_Dataset content_
########

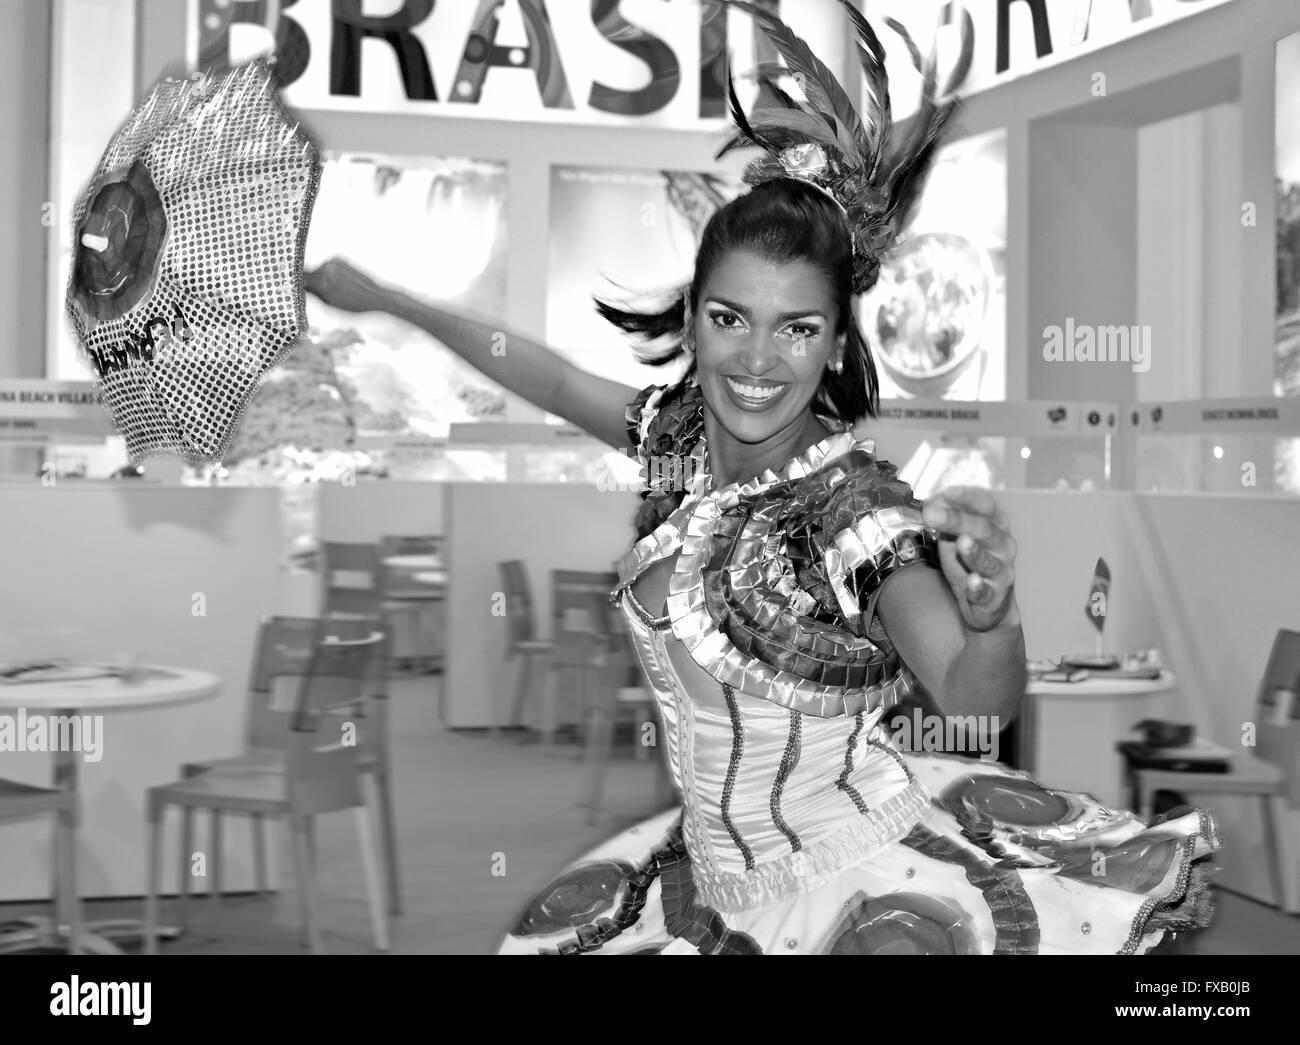 Brazilian  dancer performing traditional Pernambuco dance Frevo at Tourism Fair in Lisbon - Stock Image
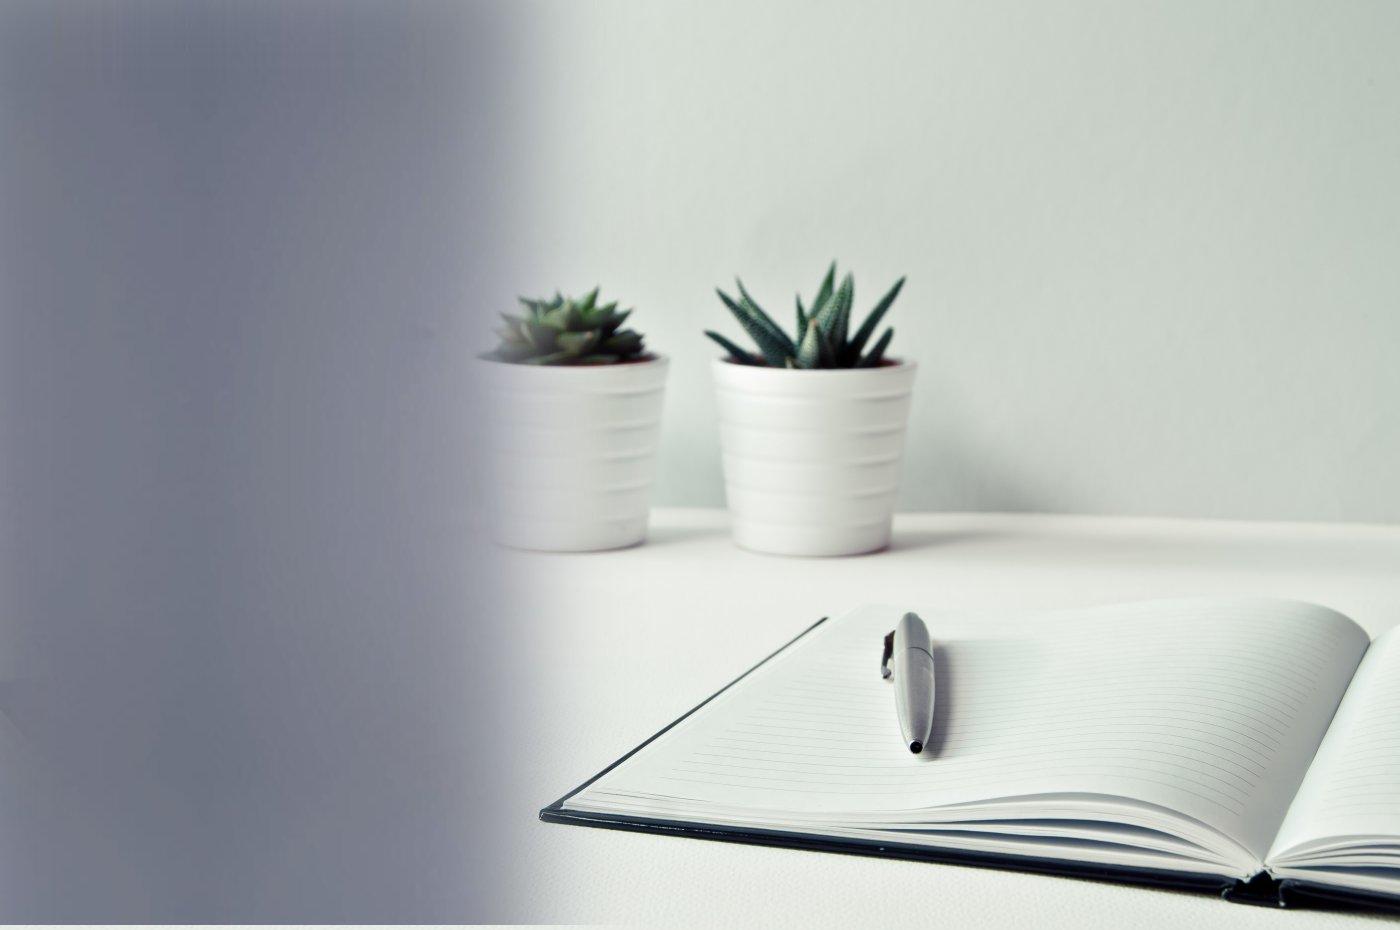 BOOKKEEPINGinnovate & grow
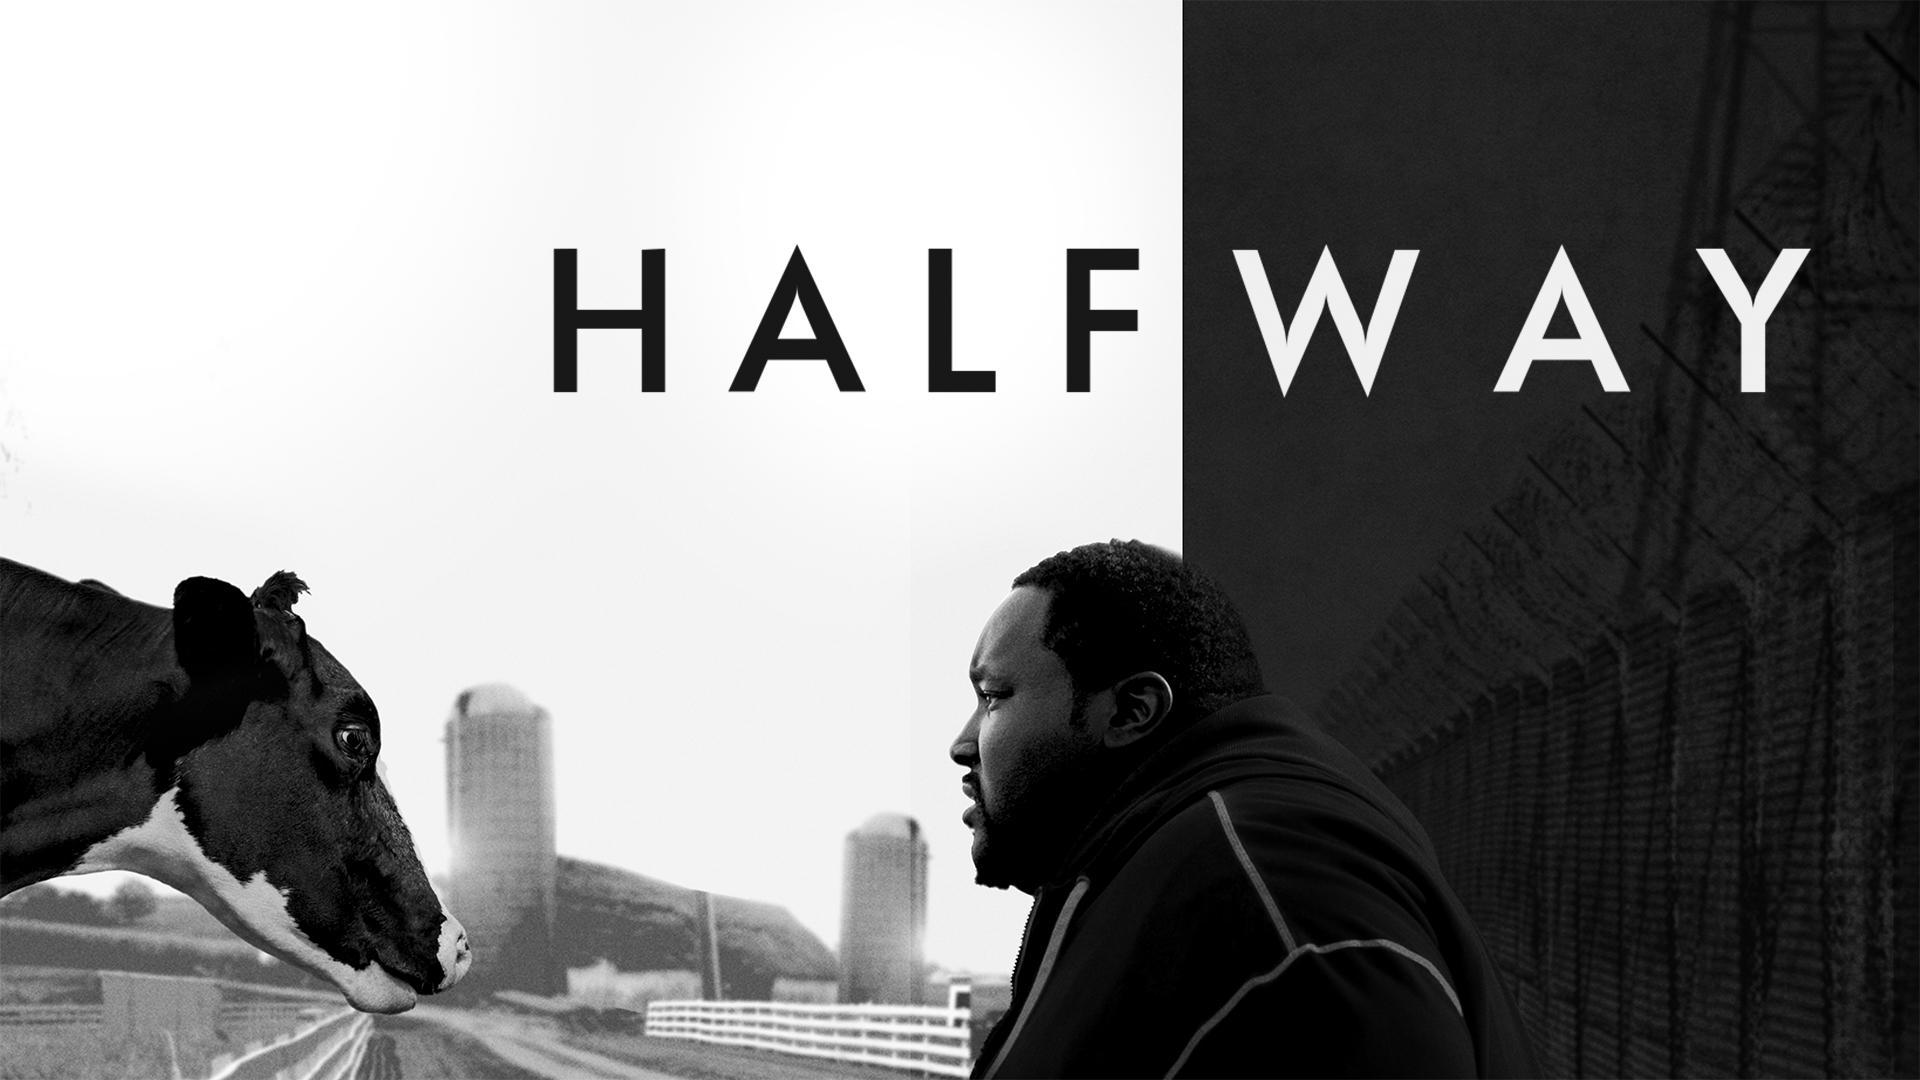 Halfway - Drama category image
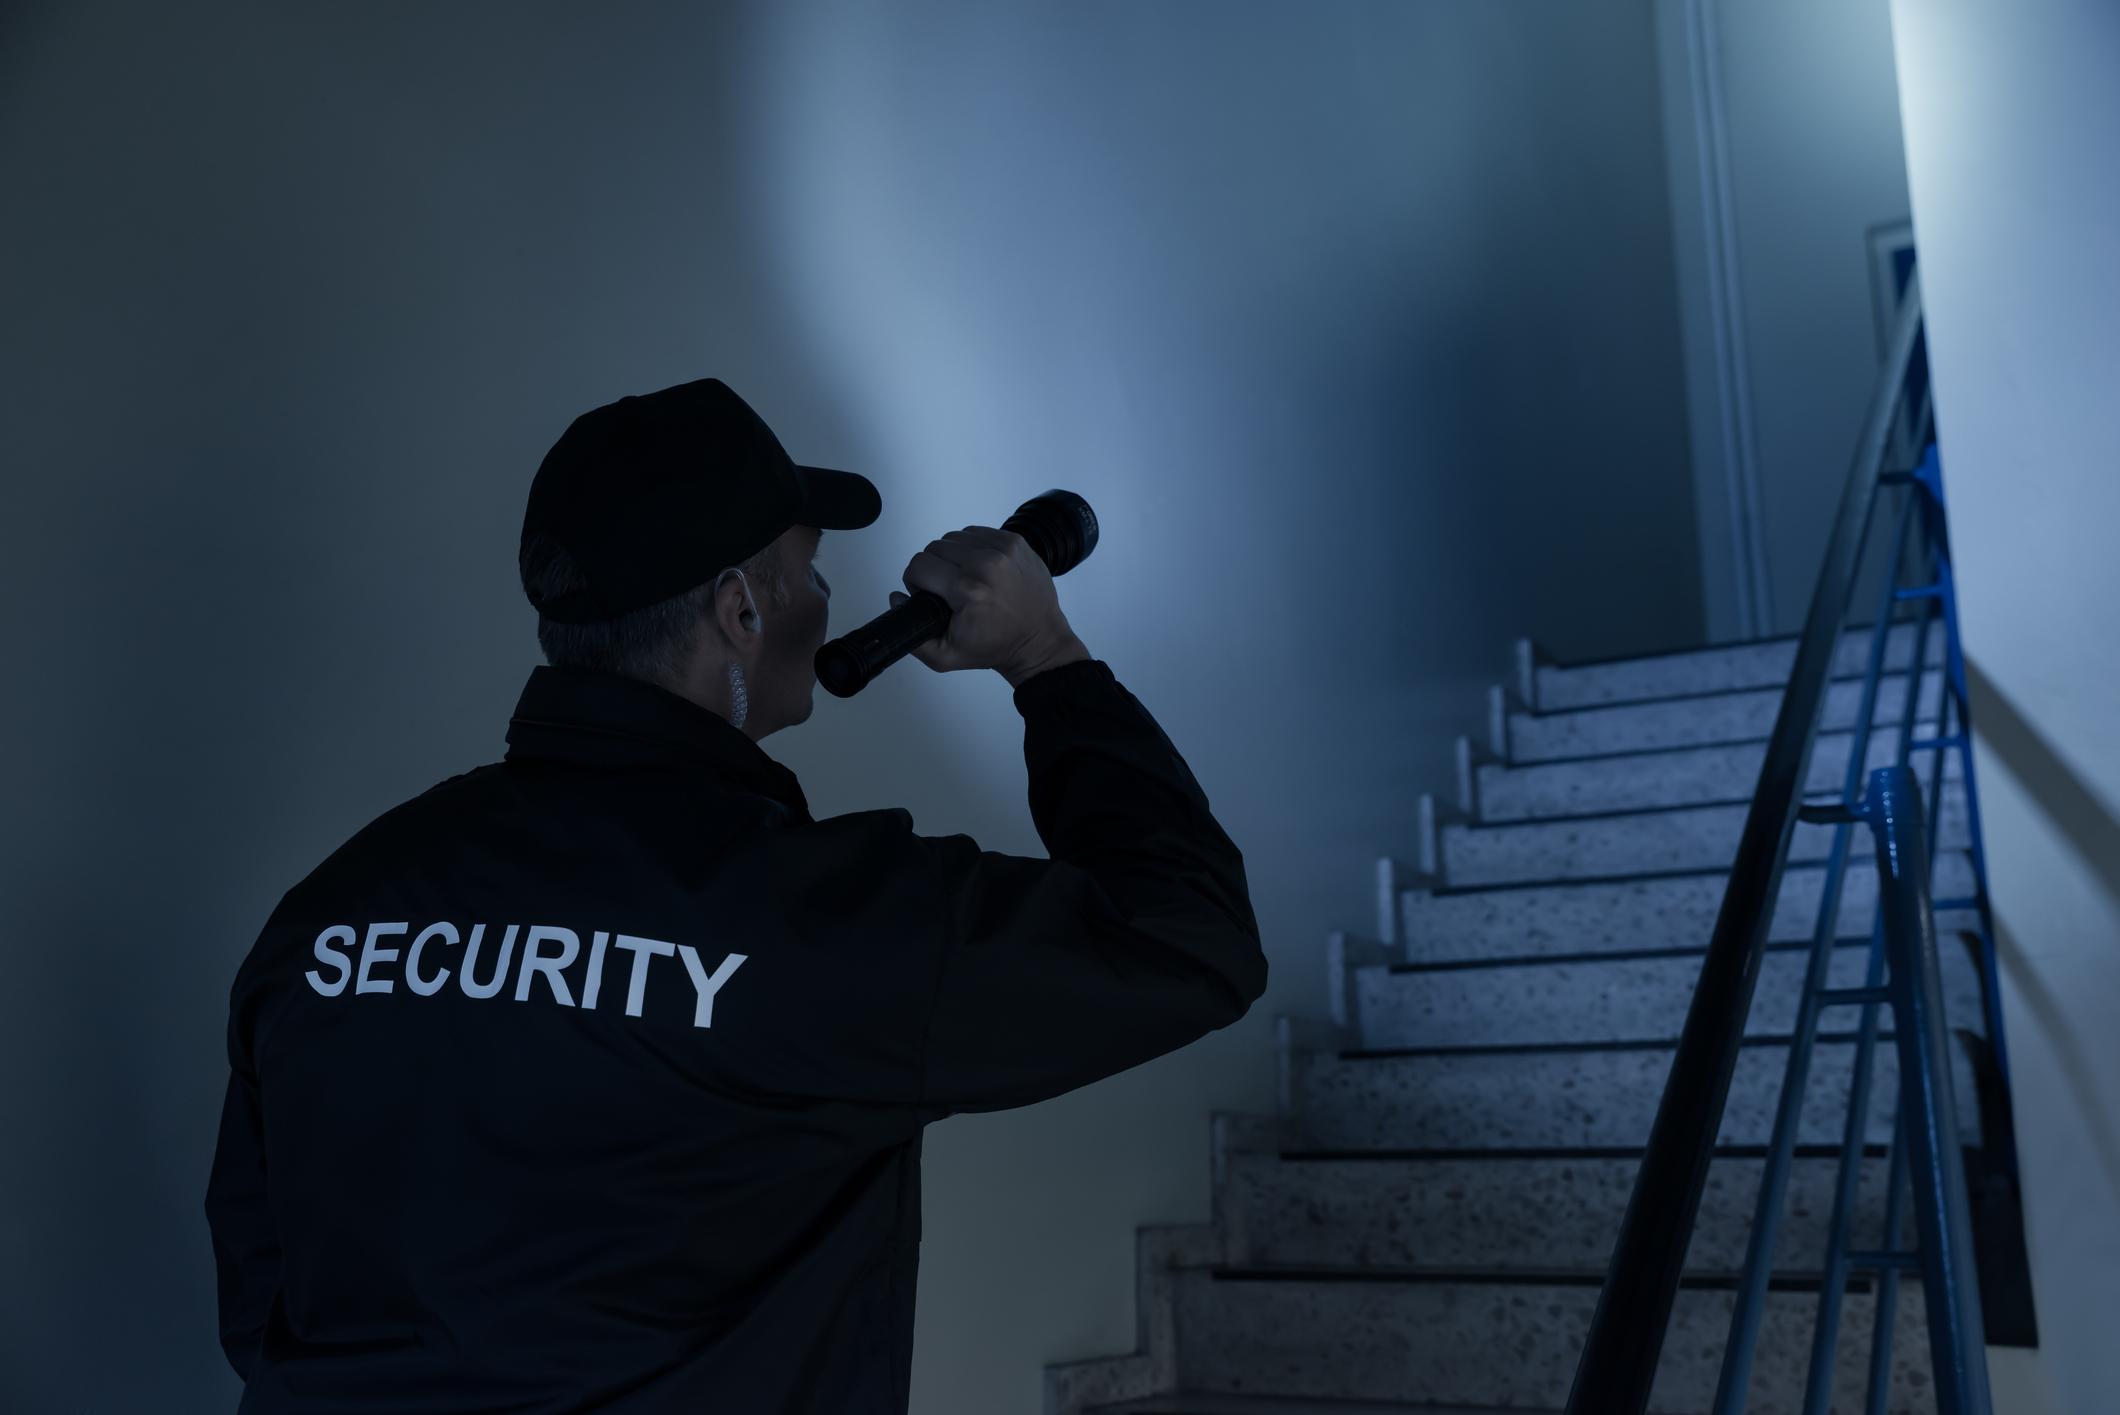 Uniformed security -

########

Nothing but the lines from the one containing "Halfway - Drama category image" through the end of the listing is to be output, and those lines are to be output exactly, pictures excluded.

 Halfway - Drama category image
 Uniformed security -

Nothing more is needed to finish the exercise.